Sources have confirmed that Harris was taking the prescription drug Luvox, often used to treat obsessive-compulsive disorder and depression. Patients are told that combining Luvox with alcohol could cause extreme agitation. Harris was known to drink Jack Daniels whiskey.

"No, I am not crazy, crazy is just a word, to me it has no meaning," Harris wrote on his Web page in March 1998.

None of Harris' friends say they knew he'd been diagnosed with a mental illness.

It could explain, however, why during his senior year Harris seemed to fall deeper into dark infatuations with guns and racist views, other students say.

Harris began wearing hats and shirts with German slogans. At "Rock 'N Bowl" he and Klebold sometimes traded "Sig Heils" after rolling strikes.

In his morning video class, he and Klebold made four videos during the fall semester. In one, the boys pretend to attack a house with toy guns, searching the rooms and firing at empty beds. In another, they were taped while in the mountains, shooting real guns - possibly the ones used in the Columbine rampage - at pine trees, cans and other targets.

"Nobody really paid attention to it because it was pretty much normal for these guys. They were so obsessed with military stuff," says Columbine student Jon Ungerland, who sat next to Harris and Klebold in the video class.

"I could hear their conversations. Eric would be the main one talking and Dylan would follow along," Ungerland says. "Eric would say, "You know, I wish we could kill all the n------.' They were extremely racist."

But by this spring, close friends say Harris was outwardly trying to soften his edges. He even made up with his old pal Brown, who he would later warn to "get out of here" as Harris walked into Columbine that Tuesday morning.

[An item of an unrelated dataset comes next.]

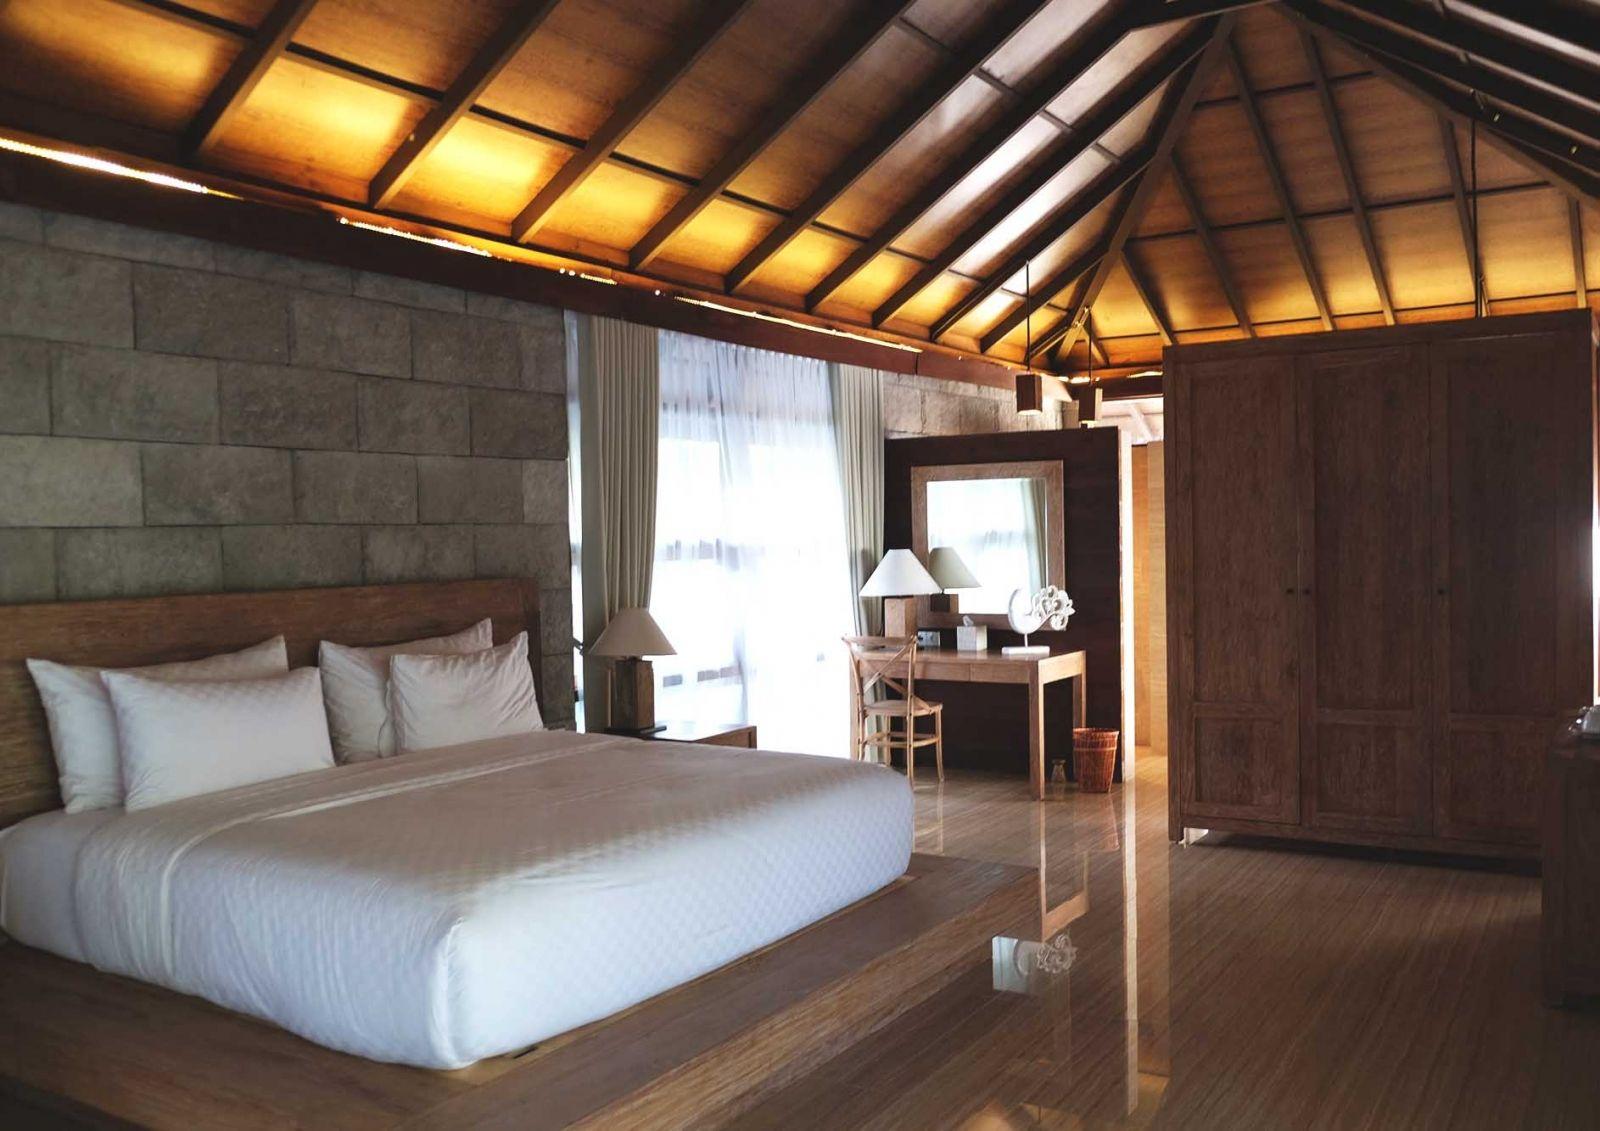 Arumdalu Private Resort  Arumdalu Private Resort

"(The jocks) just wouldn't let him change," Brown says. "That's what really sucks about this. He became a really nice guy. A friend went on a date with him two weeks ago and all Eric talked about was how his dog was having seizures."

It's not clear how badly Harris wanted to follow his father's footsteps into the military - or whether his dad was pushing him to enlist. But unknown to most friends, Harris was trying to get into the Marine Corps.

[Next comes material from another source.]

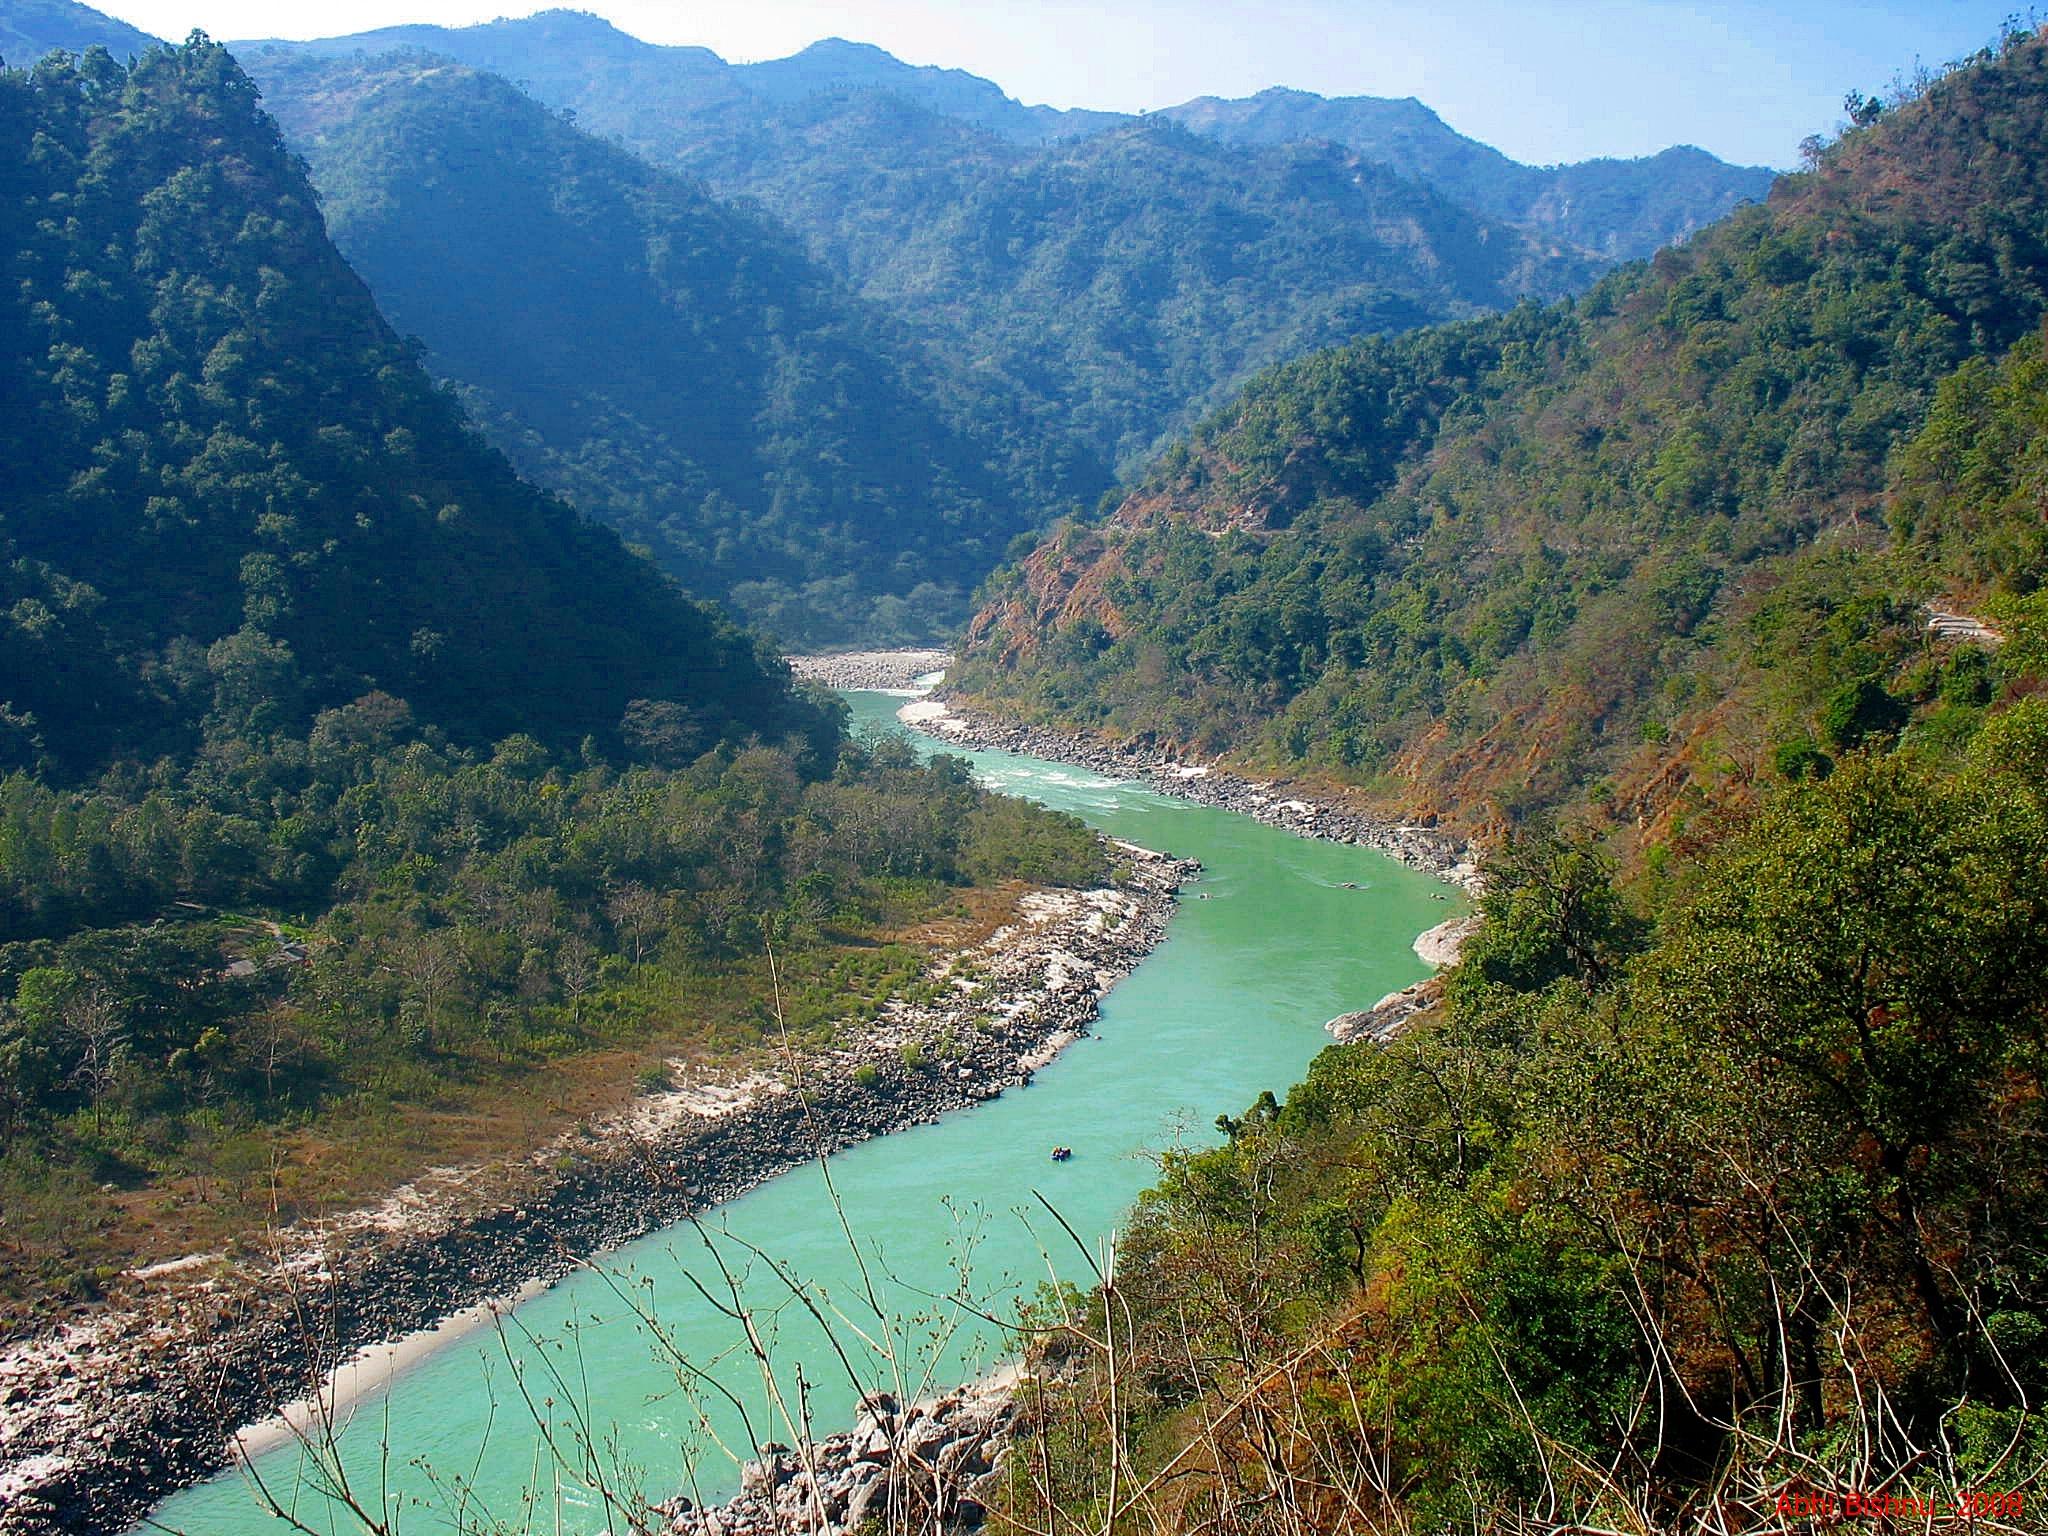 Quiet flows the Ganges...

Just five days before the attack, however, the Marines rejected Harris' application because he was taking medication and had lied about it in an earlier screening interview. He never talked to friends about going to college despite taking college-level courses.

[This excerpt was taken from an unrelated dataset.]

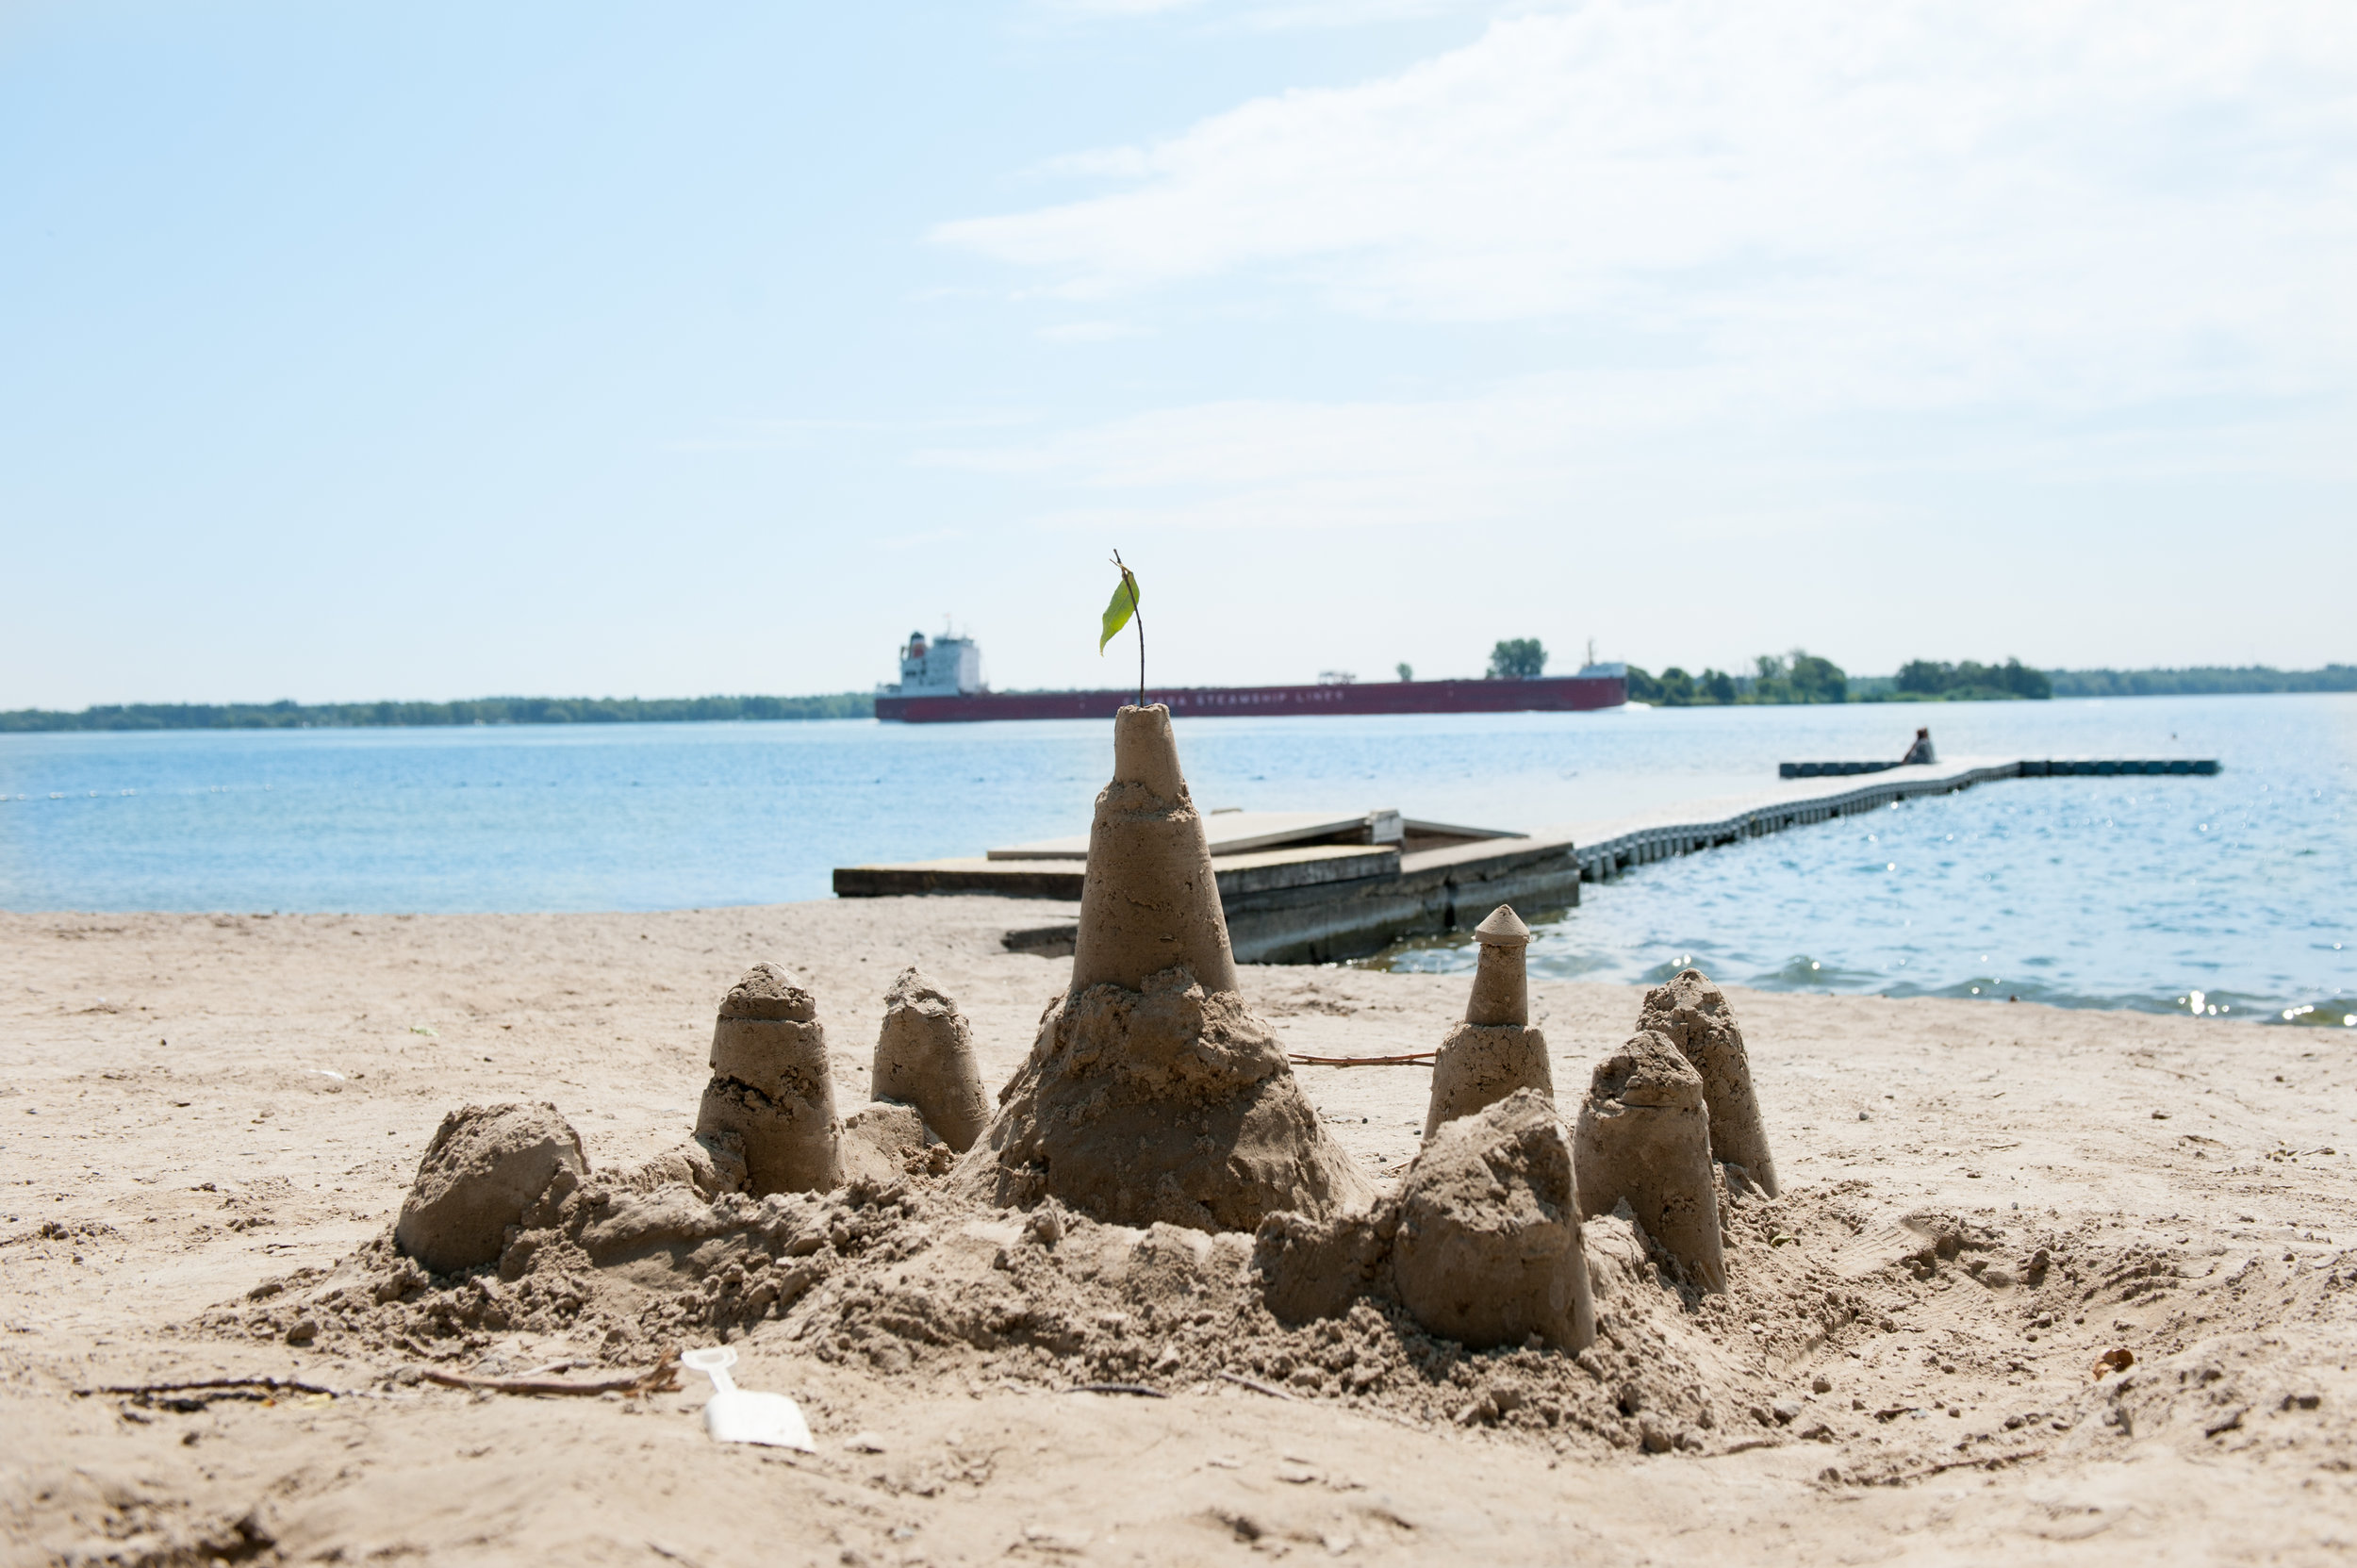 SD-Morisburg beach-1.jpg

Some friends of Harris told The New York Times they believed he might have tried to go off the anti-psychotic drug, maybe after that Marine rejection. Two nights later, on April 17, Klebold took a friend, Robyn Anderson, to the prom. Harris didn't have a date but showed up at the after-prom party in the high school's cafeteria. He played casino games with other members of the Trench Coat Mafia. He got angry.

"He was at the game where you throw baseballs at milk bottles and Eric picked up all three balls at once and threw them. He was getting really violent, shouting and stuff," Ungerland recalls. "The game coordinator told him to calm down. Eric got mad and walked away."

On Tuesday morning, the day he had been planning for at least a year, Harris and Klebold showed up for their 6:30 a.m. bowling class at Belleview Lanes, a friend says. At 11 a.m., they drove to school and parked in their assigned spaces.

They unloaded two black duffel bags filled with guns and bombs from their trunks, walked over a small hill outside Columbine and started shooting kids. Four hours later, Harris and Klebold were found dead from self-inflicted gunshot wounds in the school library. Around them lay the bullet-riddled bodies of eight young men and women. Five more bodies lay in other spots inside and outside the school.

"Two weekends ago, before all this started, he was talking about his future," Kuiken recalls. "I had quit (Blackjack Pizza) and we he was like, 'Yeah, once I graduate I think I'm gonna quit too. But not now.'...

" 'When I graduate I'm going to get a job that's better for my future.' "

Denver Post staff writers Patricia Callahan, Mark Obmascik and Kevin Simpson and Theo Stein of the Berkshire Eagle contributed to this report.